Making OpenFold Structure Predictions in ChimeraX

Tom Goddard
February 11, 2026

OpenFold in ChimeraX
OpenFold installation
Predicting a structure with OpenFold
Results, coloring and predicted aligned error
Structure size and prediction speed limitations
Run times and size limits
Batch predictions with sets of ligands
Options
Server predictions
Listing past predictions
ChimeraX openfold command
Limitations
Change log

OpenFold in ChimeraX

ChimeraX can run the OpenFold 3 structure prediction method to compute atomic structures of proteins and nucleic acids, including modified residues, ligands and ions on your laptop or desktop computer. A ChimeraX graphical user interface (menu Tools / Structure Prediction / OpenFold) and ChimeraX command (openfold) are provided to make predictions. ChimeraX daily builds dated February 13, 2026 and newer use OpenFold 3 preview. OpenFold 3 is fully open source under the Apache 2.0 license.

OpenFold installation

openfold gui

When you first start the OpenFold tool within ChimeraX (menu Tools / Structure Prediction / OpenFold) it will show a button Install OpenFold. OpenFold is a large software package, taking about 1 Gbyte of disk space and uses the Torch machine learning package. It also requires the neural network weights (2 Gbytes) to make predictions. Downloading and installing can take 10 minutes or more depending on network speed OpenFold will be installed in your home directory in ~/openfold3 and the network weights in ~/.openfold3.

The ChimeraX openfold install command can also be used to do this one time installation.

Predicting a structure with OpenFold

openfold gui 9gui Menu of molecular components
openfold components menu

To predict a structure made up of proteins, nucleic acids and small molecules you first specify all the molecular components. Choose entries from the Add menu and press the Add button to add them to your assembly specification in the table below. You can specify component molecules in several ways.

NTCA transcription factor
NTCA transcription factor bound to DNA
Prediction PAE heatmap
Predicted aligned error

Components can be added multiple times to have more instances of that molecule in the assembly. Press the Predict button after the assembly is completed by adding each component to start the prediction. A Stop button will be shown while the prediction runs to terminate the prediction, discarding the partial computation so you can start another prediction.

Results

The results are put on your desktop in a new folder openfold/<prediction-name> where the prediction name can be specified at the top of the ChimeraX OpenFold panel. Using the Options described below you can change where the result files are placed.
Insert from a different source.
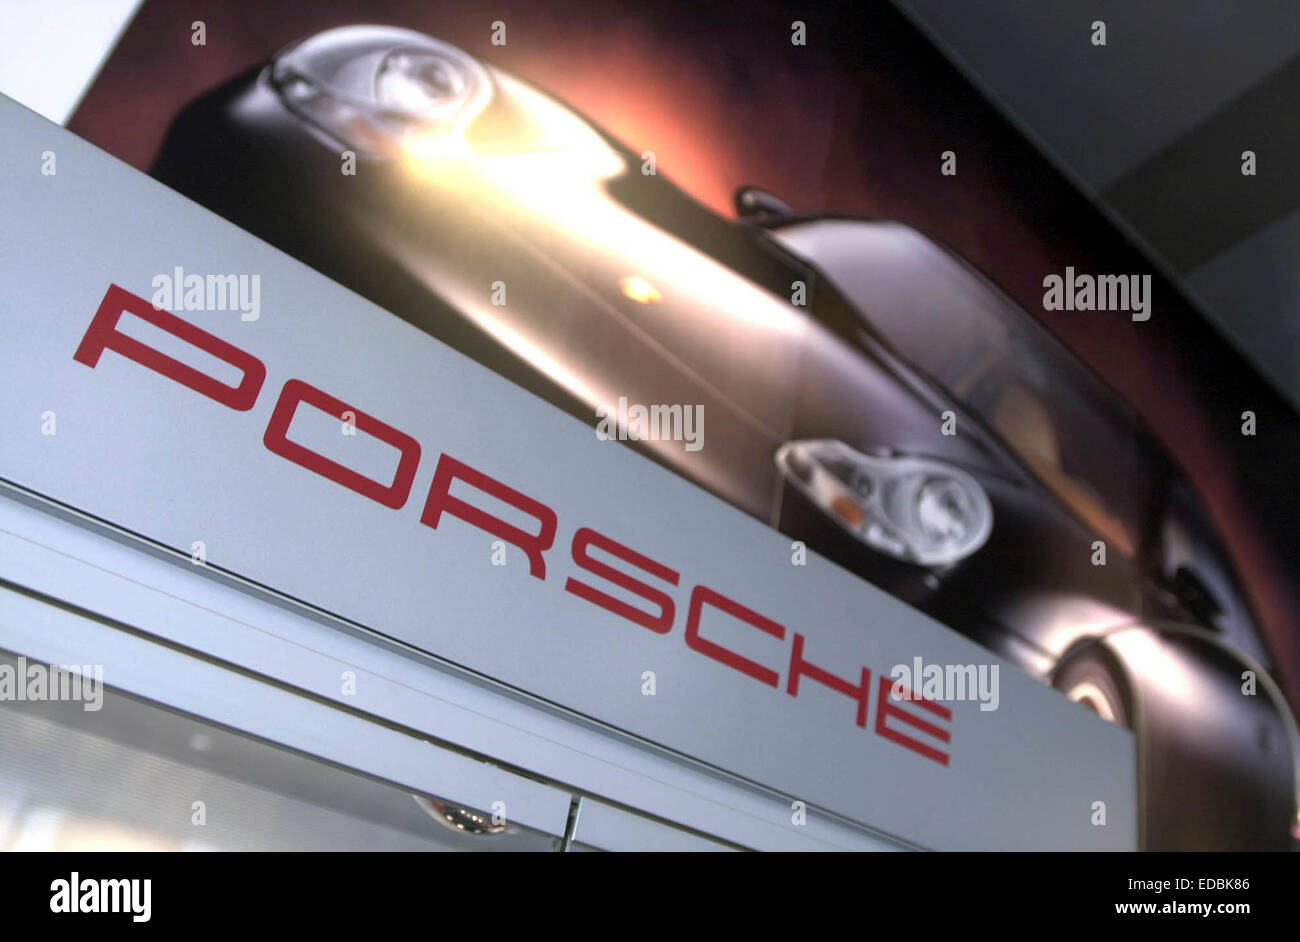 Picture shows a poster and Porche branding. Stock Photo

Predictions for small assemblies, for example 500 residues and ligand atoms, take one to several minutes depending on the computer (e.g. Nvidia GPU vs CPU only). Predictions run in the background (a separate process) so you can continue to use ChimeraX while the calculation runs. The predicted structure will be opened in ChimeraX when the calculation completes. If the assembly specification involved proteins or nucleic acids specified using chains of open models, the predicted structure will be aligned (using matchmaker) to the open model for the first such component.

Coloring

The prediction will be colored using the standard AlphaFold pLDDT type of coloring where blue indicates high confidence, yellow and red moderate to low confidence.

Predicted aligned error

Per-residue-pair estimates of prediction confidence can be displayed by pressing the Error Plot button to show the predicted aligned error.

Structure size and prediction speed limitations

OpenFold structure predictions use a lot of memory and compute resources on your computer that limits the size of the structure that can be predicted. See the run times section below for example run times and size limits.

Mac. It works well on Mac M-series (M1,M2,M3,M4) laptop and desktop computers predicting small 100 residue structures in 1 minute and up to 1200 residues in about 15 minutes with 32 GB of memory. With 16 GB of memory it can only predict about 350 amino acids taking about 5 minutes, with larger predictions running out of memory.

Nvidia GPUs on Windows and Linux. Nvidia GPUs on Windows and Linux computers also provide good performance. On Linux with an Nvidia GPU with 24 GB of graphics memory (e.g. Nvidia RTX 3090 or 4090) it can predict about 1300 residues in about 4 minutes, larger sizes run out of memory. Testing on Windows with less GPU memory, 12 GB (e.g. Nvidia RTX 4070) predicts up to 1000 residues. On Windows with 8 GB of GPU memory (e.g Nvidia RTX 3070) predictions of about 700 residues. Large predictions on Nvidia GPUs on Linux run out of memory and fail. On Windows the prediction will fallback to using CPU memory allowing larger structure predictions but taking immensely longer run times (10-30 times longer).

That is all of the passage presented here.